Infrared thermometers however, are not as effective for
determining oven temperatures as the accuracy of the
measurement is affected by the cleanliness and oxidation of
the metal surface. A contact thermocouple is best for
measuring platen temperatures. A standard thermocouple is
best for air temperatures in an air circulating oven and
internal sheet temperatures. Digital thermometers are
available that accept multiple types of thermocouples.
A clock or stopwatch may suffice, but it is best to have a
timer that will alarm after a set time period.
Dual platen ovens are preferred for their consistency and
speed of heating. Air circulating ovens may be used, but it
may be more difficult to obtain uniform sheet temperatures
and heating takes approximately five times as long as a
platen oven. The ovens should be capable of reaching
200°C (392°F). Temperature uniformity is a key to
consistent forming. If the lower platen of an oven does not
slide out and reaching into the oven is required the upper
platen should be blocked so it cannot close while someone
is reaching for a part.
Variable room conditions will cause variable results. Ideally
the room with the oven and molds will be temperature
controlled. If air currents are an issue, consider installing
curtains in the thermoforming area to minimize
temperature variation.
Thermoformability varies by aesthetic. The limits provided
here are the best performing colors. Solid, lighter colors will
perform better than darker colors and colors with larger
particulates. It is important to understand the characteristics
of the aesthetic to be formed. Prior success with a different
color is not a guarantee of success.
Page 1 of 8
Table B-1 is a guide to the minimum inside radius for two
dimensional bends. Three dimensional forming is much
more complex, but local elongation should not exceed
10%. A simple way to evaluate whether a part can be
formed on three dimensional molds is to use kraft paper.
Try forming the paper over the mold. Areas with excessive
wrinkling will be potential problems. Consider forming in
multiple pieces and seaming to address these areas.
Table B-1
Sheet Thickness
Minimum Inside Radius
25 mm (1")
12 mm (1/2")
76 mm (3")
127 mm (5")
6 mm
19 mm
The shape of the blank, or piece to be formed, can be a critical
factor in successful thermoforming. For two-dimensional
forming the blank will be close to the final dimensions. Some
excess should be allowed for trimming. The edges will not
be square after forming due to deformation.
For three-dimensional forming it is often desirable to have
as little excess as possible. In many shapes the maximum
deformation is near the edge of the part and there will be a
strong tendency to wrinkle.
When developing prototypes it is often useful to mark a grid
on the DuPont™ Corian® solid surface before forming. The
deformation of the grid will help you understand how the
material deforms and what the blank shape should be.
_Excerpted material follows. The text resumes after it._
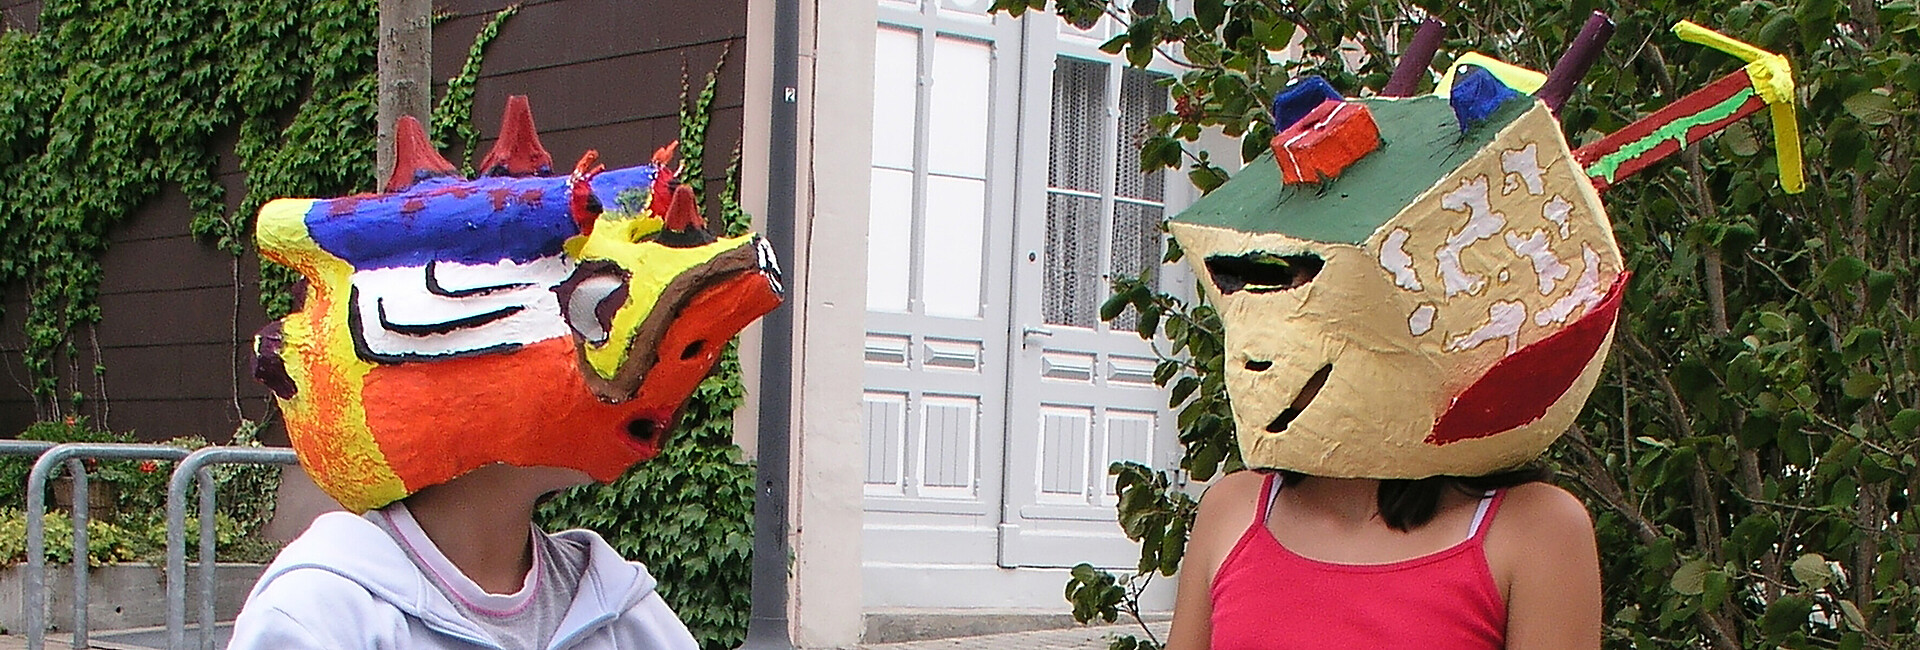 Schülerin und Schüler im Kunstunterricht, die sich gegenübersitzend ansehen und dabei selbst gestaltete bunte Masken tragen
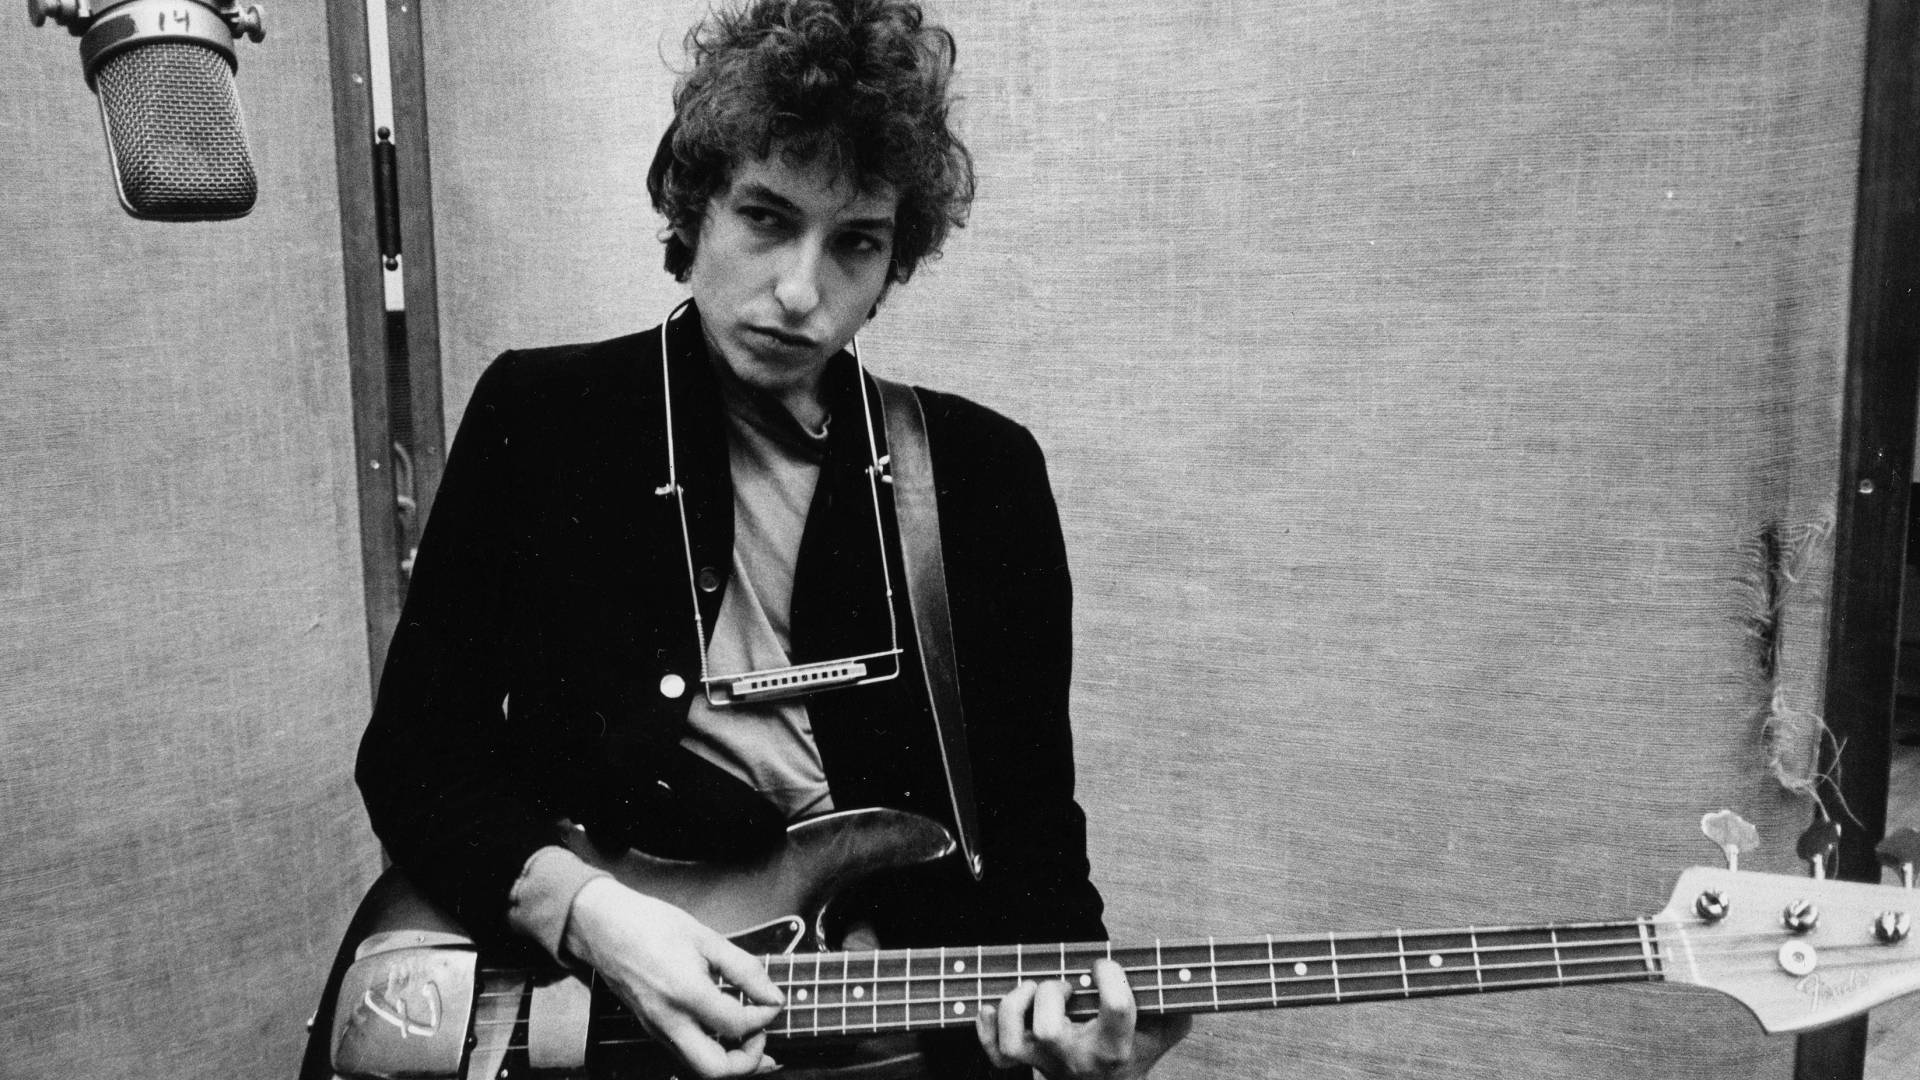 Odbacili slučaj Boba Dylana: Žena koja ga je optužila za zlostavljanje uništila je dokaze?

When creating blanks that require a tight dimensional
tolerance to work successfully it is important to track the
original orientation of the blank within the sheet it is cut
from. The sheet retains some residual stress from
manufacturing that is relieved during thermoforming. This
results in a very slight reduction in length and growth in
width and thickness. Alternatively the sheet could be
annealed before cutting. Annealing is performed by heating
the sheet to thermoforming temperatures and then cooling
very slowly and evenly, typically by just turning the oven off.
This process does take hours and generally isn’t necessary.
Corian® solid surface is sensitive to notches when formed.
Any notches or defects at the edge of the sheet can lead to
tearing. Remove any rough edges from cutting. It is also
recommended that the edges be eased slightly.
Molds can be a significant part of the overall cost of a
project, particularly for large molds that only need to be
successfully used once. Mold material selection can vary,
taking into account the number of parts needed, shape
required, surface finish required, etc.
Wood-based materials (MDF, plywood, pine, hardwood)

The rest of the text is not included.